Metadata-Version: 2.4
Name: vcf-stats-viz
Version: 0.1.1
Summary: Herramienta para el análisis y visualización de variantes genómicas (VCF) con visualizacion interactiva.
Author-email: Alejandro Lana <alejandrolana1@gmail.com>
License: MIT
Classifier: Programming Language :: Python :: 3.9
Classifier: Topic :: Scientific/Engineering :: Bio-Informatics
Requires-Python: >=3.9
Description-Content-Type: text/markdown
Requires-Dist: pandas
Requires-Dist: dask
Requires-Dist: dask[dataframe]
Requires-Dist: cyvcf2
Requires-Dist: pyarrow
Requires-Dist: fastparquet
Requires-Dist: psutil
Requires-Dist: pysam
Requires-Dist: plotly
Requires-Dist: dash
Requires-Dist: flask
Requires-Dist: matplotlib
Requires-Dist: jinja2
Requires-Dist: weasyprint
Provides-Extra: dev
Requires-Dist: pytest; extra == "dev"
Requires-Dist: black; extra == "dev"
Requires-Dist: jupyterlab; extra == "dev"

# vcf-stats-viz

`vcf-stats-viz` is a command-line tool for efficient analysis of VCF (Variant Call Format) files and for generating an interactive local web dashboard for variant exploration.

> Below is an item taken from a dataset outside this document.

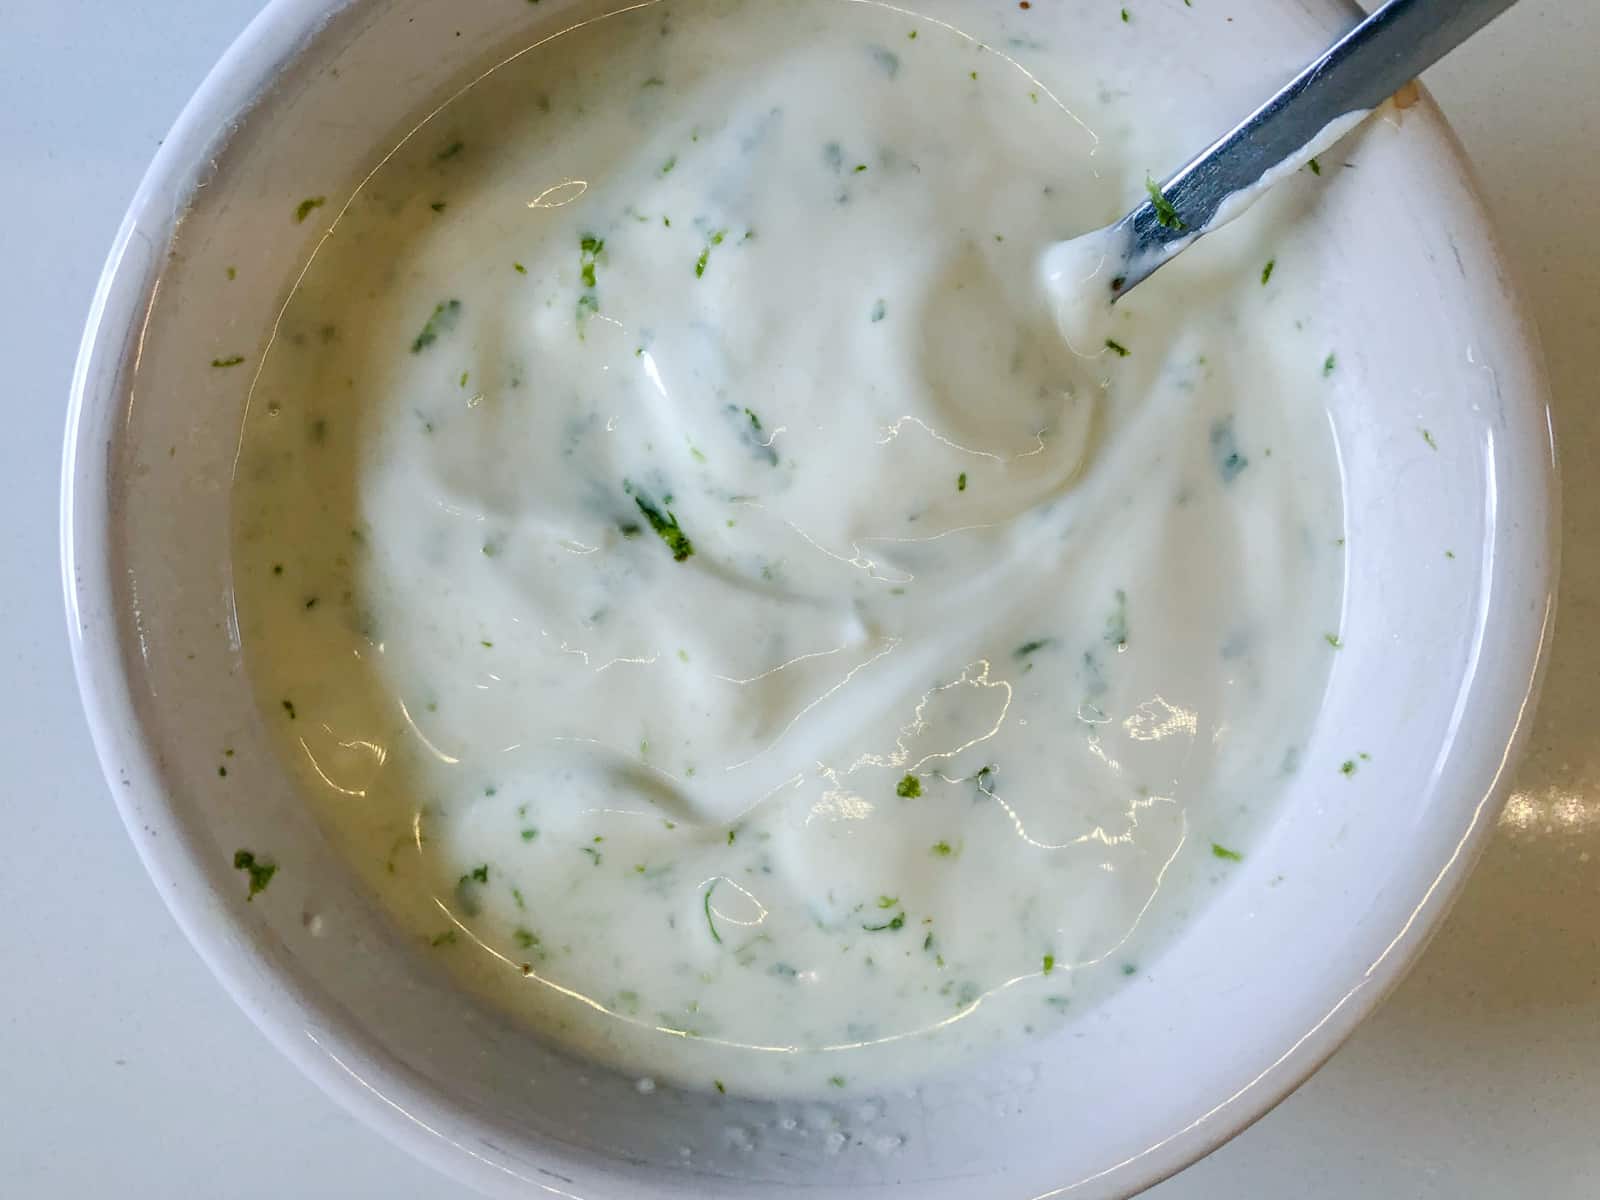 Lime cream in a white bowl.
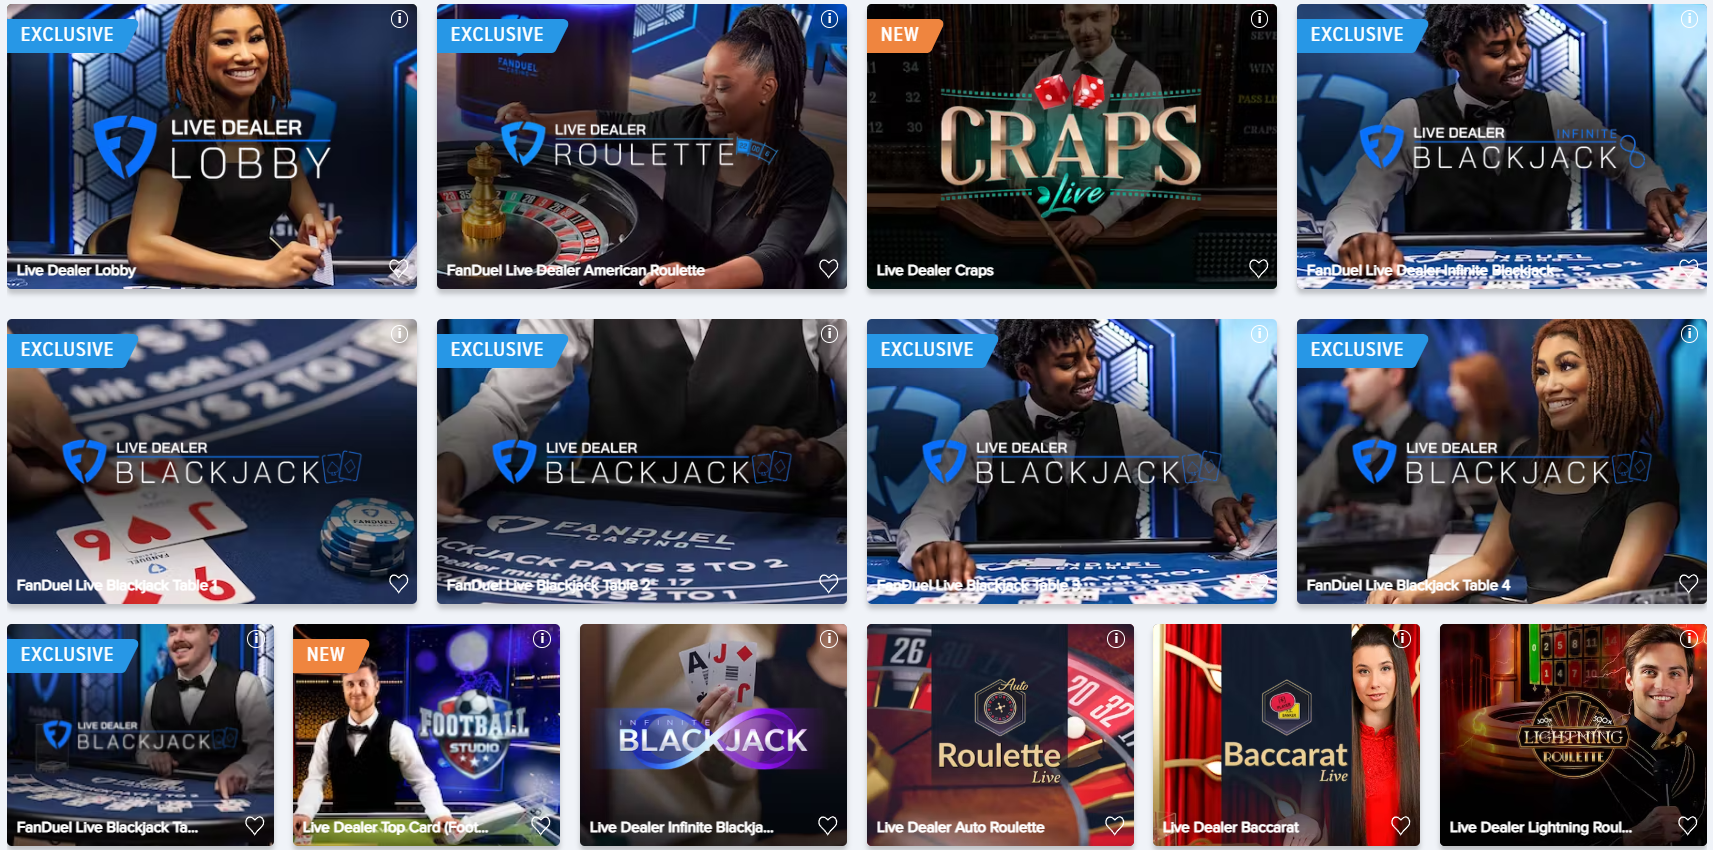 Transport to the Casino Floor With Live Dealer Games Available 24-7

The package is designed to handle large-scale VCF files with a strong emphasis on low memory usage. It achieves this through chunk-based processing, avoiding loading the entire file into memory. Analysis results are stored on disk and can be reused without reprocessing the original VCF file.

## Key features

- Memory-efficient processing of large VCF files using chunk-based parsing
- Generation of variant statistics and summary datasets
- Persistent storage of analysis results and metadata
- Local web-based dashboard for interactive visualization and filtering of variants
- Support for multiple stored analyses
- Simple and reproducible command-line interface

## Installation

```bash
pip install vcf-stats-viz
```

The package installs the following command-line entry point:

```bash
vcf-analyze
```

## Basic usage

Run a complete analysis of a VCF file and launch the local web dashboard:

```bash
vcf-analyze input.vcf
```

By default, the dashboard is available at:

```
http://127.0.0.1:5000
```

## Common options

Limit the number of processed variants:

```bash
vcf-analyze input.vcf 100000
```

Adjust the chunk size used during processing:

```bash
vcf-analyze input.vcf --chunk-size 50000
```

Run the analysis without launching the web dashboard:

```bash
vcf-analyze input.vcf --no-dashboard
```

Launch the web dashboard using previously generated results:

```bash
vcf-analyze --dashboard-only
```

## Use cases

- Exploratory analysis of genomic variants
- Preliminary processing of large VCF datasets
- Local visualization of variant statistics without external services
- Validation and debugging of bioinformatics pipelines

## Console entry point

The package exposes the following console script:

```toml
vcf-analyze = "vcf_stats.main:main"
```

## License

This project is licensed under the MIT License.